Fetching Data Using Threading
The use case
We need to retrieve data using yfinance, but the response time is usually slow. Using a simple loop to fetch information for a large number of tickers doesn’t seem very efficient.
Using a loop
Looping is a basic solution that works in some cases. The snippet below shows how long the server takes to respond when a loop is applied.
Tickers
We also need a ticker list to parse Yahoo Finance data and fetch the beta value. The ticker list can be retrieved from the SEC or from a Wikipedia article on the S&P 500. I choose the first 200 tickers from SEC data.
# 1. Using loop for fetching information
# Get US stock tickers from SEC data
def get_us_sec_tickers() -> list:
""" Returns a list of US stock tickers from SEC data. """
url = "https://www.sec.gov/files/company_tickers.json"
headers = {
"User-Agent": "Mozilla/5.0 (Windows NT 10.0; Win64; x64) AppleWebKit/537.36"
}
response = requests.get(url, headers=headers, timeout=10)
data = response.json()
result = []
for i in data:
result.append(data[str(i)]["ticker"])
return result
Handling internal errors through exception handling and retrieving the tickers’ beta values:
def process_ticker(ticker):
try:
stock_data = yf.Ticker(ticker)
data = stock_data.info["beta"]
print(f"{ticker}: {data}")
return data
except KeyError:
return None
Here is the for loop that parses the first 200 ticker symbols from the SEC and retrieves their beta values from Yahoo Finance:
LIMIT = 200 # Limit to first N tickers for testing
def main():
tickers = get_us_sec_tickers()[:LIMIT] # Limit to first LIMIT tickers for testing
print(f"Total tickers: {len(tickers)}")
results = []
for ticker in tickers:
data = process_ticker(ticker)
if data is not None:
results.append(data)
print(f"Valid tickers: {len(results)}")
Evaluating and printing the elapsed time:
if __name__ == "__main__":
# Start time
start_time = time.time()
print(f"Start time: {time.strftime('%H:%M:%S', time.localtime(start_time))}")
# Run the main function
main()
# Elapsed time
elapsed_time = time.time() - start_time
print(f"Total elapsed time: {elapsed_time:.2f} seconds")
Let’s see:
Start time: 23:19:23
Total tickers: 200
NVDA: 2.375
AAPL: 1.116
GOOGL: 1.112
MSFT: 1.108
...
Valid tickers: 193
Total elapsed time: 87.27 seconds
Using threading
Threading is a way to speed up the response time. After clearing the cache to avoid triggering internal yfinance issues, it is important to configure the number of workers (threads) for concurrent processing.
Here’s how it looks.
# 2. Using threads for fetching data
def clear_yfinance_cache() -> None:
"""
Clear yfinance cache to avoid stale data issues.
This kind of error:
HTTP Error 401: {"finance":{"result":null,"error":{"code":"Unauthorized","description":"Invalid Crumb"}}}
"""
cache_dir = os.path.join(os.environ["LOCALAPPDATA"], "py-yfinance")

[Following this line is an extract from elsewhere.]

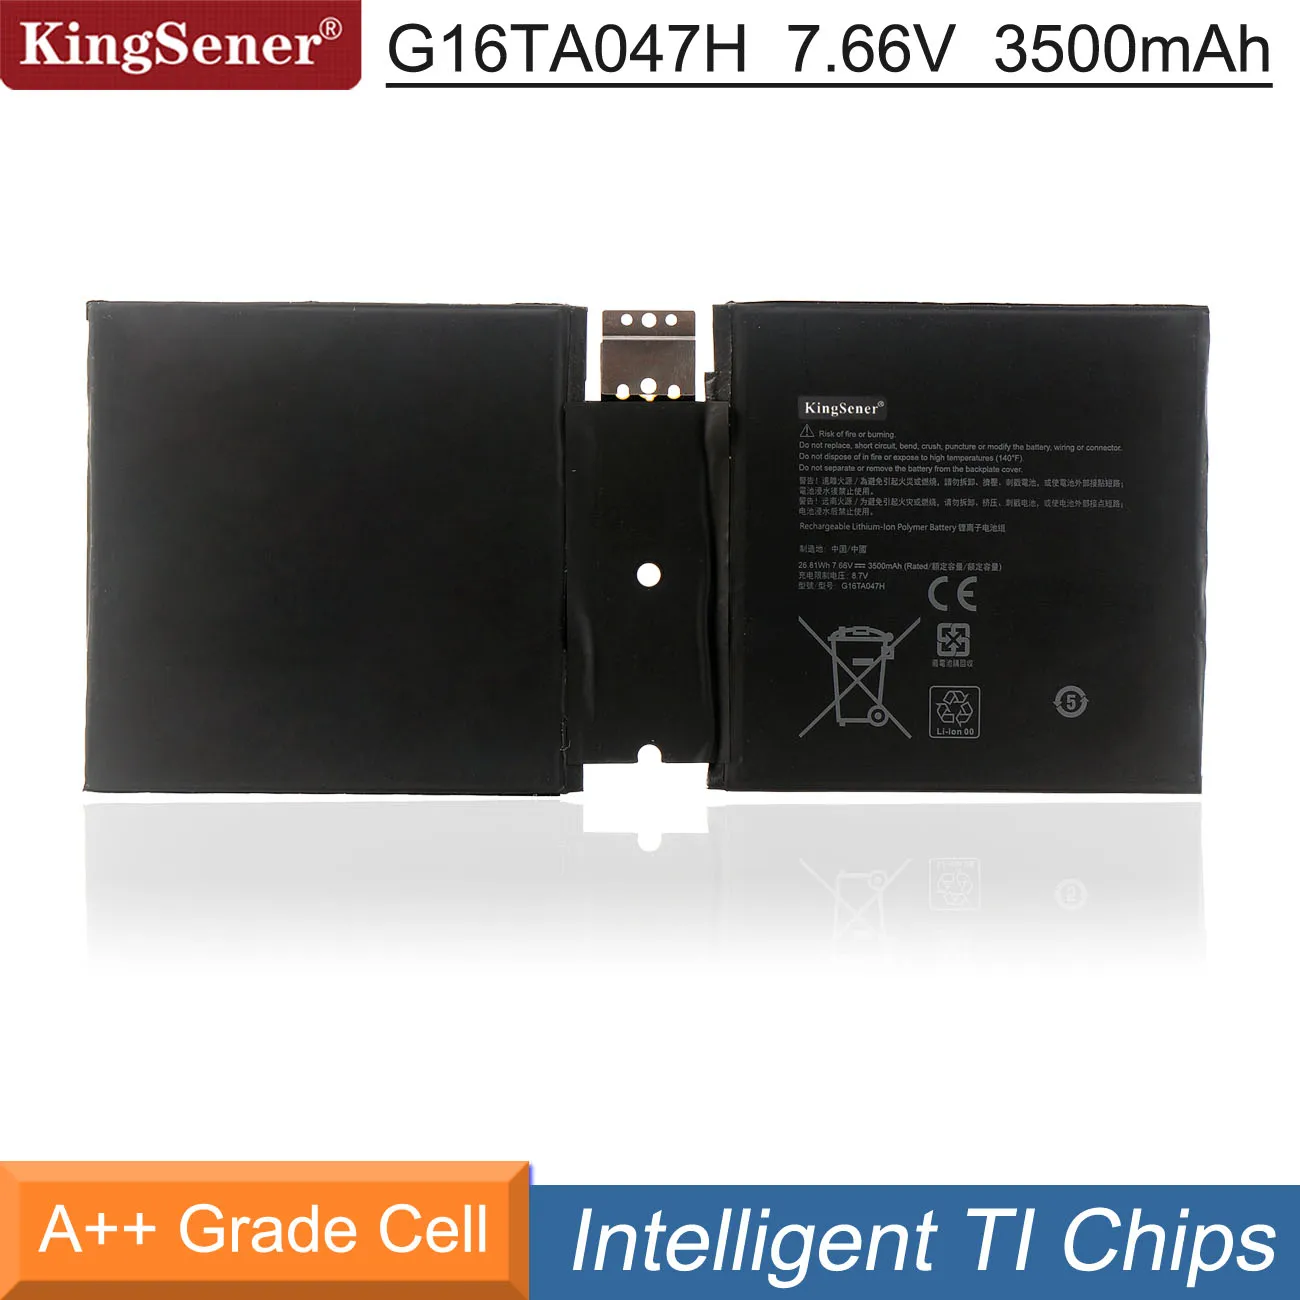 

KingSener G16TA047H DYNU01 Laptop Battery For Microsoft Surface go 2 1901 1926 Series G16TA047H 7.66V 3500mAh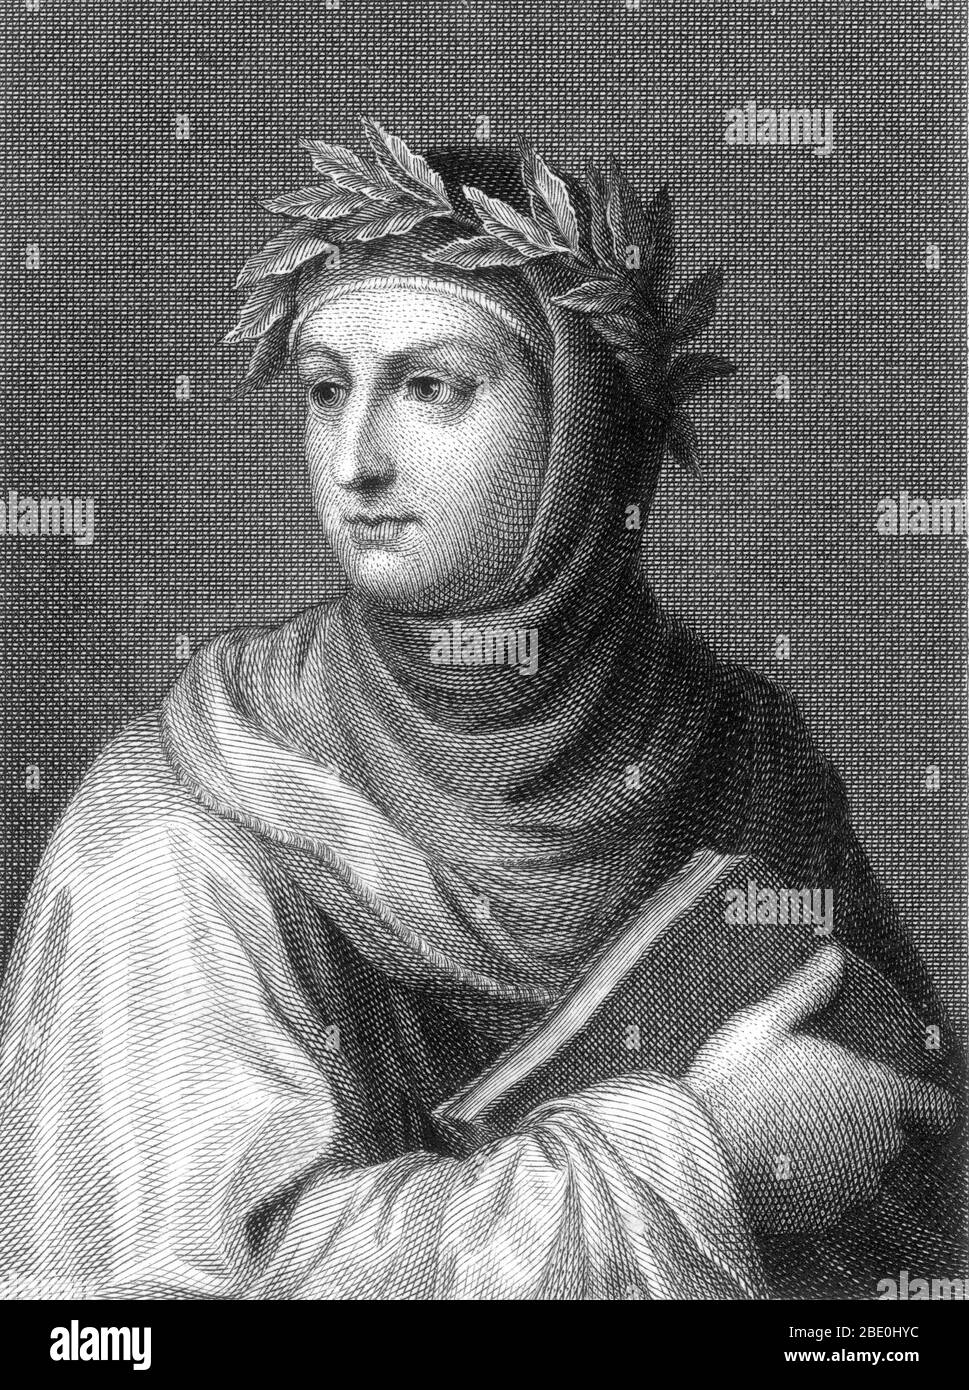 Giovanni Boccaccio (1313 - 21 décembre 1375) était un écrivain, poète, correspondant de Petrarch et un important humaniste de la Renaissance. Il était le fils d'un marchand florentin, Boccacino di Chellino, et d'une femme inconnue; il est probablement né hors mariage. Boccaccio a écrit un certain nombre d'œuvres notables, dont le Decameron et sur les femmes célèbres. En tant que poète qui a écrit dans la vernaculaire italienne, Boccaccio est particulièrement noté pour son dialogue réaliste, qui diffère de celui de ses contemporains, écrivains médiévaux qui ont habituellement suivi des modèles de formule pour le caractère et le complot. Ses dernières années Banque D'Images

if os.path.exists(cache_dir):
shutil.rmtree(cache_dir)
WORKERS = os.cpu_count() * 2 # Number of threads for concurrent processing
def main():
# Clear stale crumb cache before starting
clear_yfinance_cache()
tickers = get_us_sec_tickers()[:LIMIT] # Limit to first 200 tickers for testing
print(f"Total tickers: {len(tickers)}")
results = []
# Use ThreadPoolExecutor for concurrent processing
with ThreadPoolExecutor(max_workers=WORKERS) as executor:
futures = [executor.submit(process_ticker, ticker) for ticker in tickers]
for future in as_completed(futures):
results.append(future.result())
print(f"Valid tickers: {len([r for r in results if r is not None])}")
Run it exactly as in the looping test.
if __name__ == "__main__":
# Start time
start_time = time.time()
print(f"Start time: {time.strftime('%H:%M:%S', time.localtime(start_time))}")
# Run the main function
main()
# Elapsed time
elapsed_time = time.time() - start_time
print(f"Total elapsed time: {elapsed_time:.2f} seconds")
Let’s see:
Start time: 23:12:24
Total tickers: 200
MA: 452091084800
AAPL: 3736653529088
JPM: 773751701504
META: 1575052902400
...
Valid tickers: 199
Total elapsed time: 4.79 seconds
As you can see, using threading to run the same process on the same data is much faster than using a loop.
In the case of threading, the order will not be the original one, because threads run concurrently and are scheduled independently by the operating system, so execution/completion order is nondeterministic.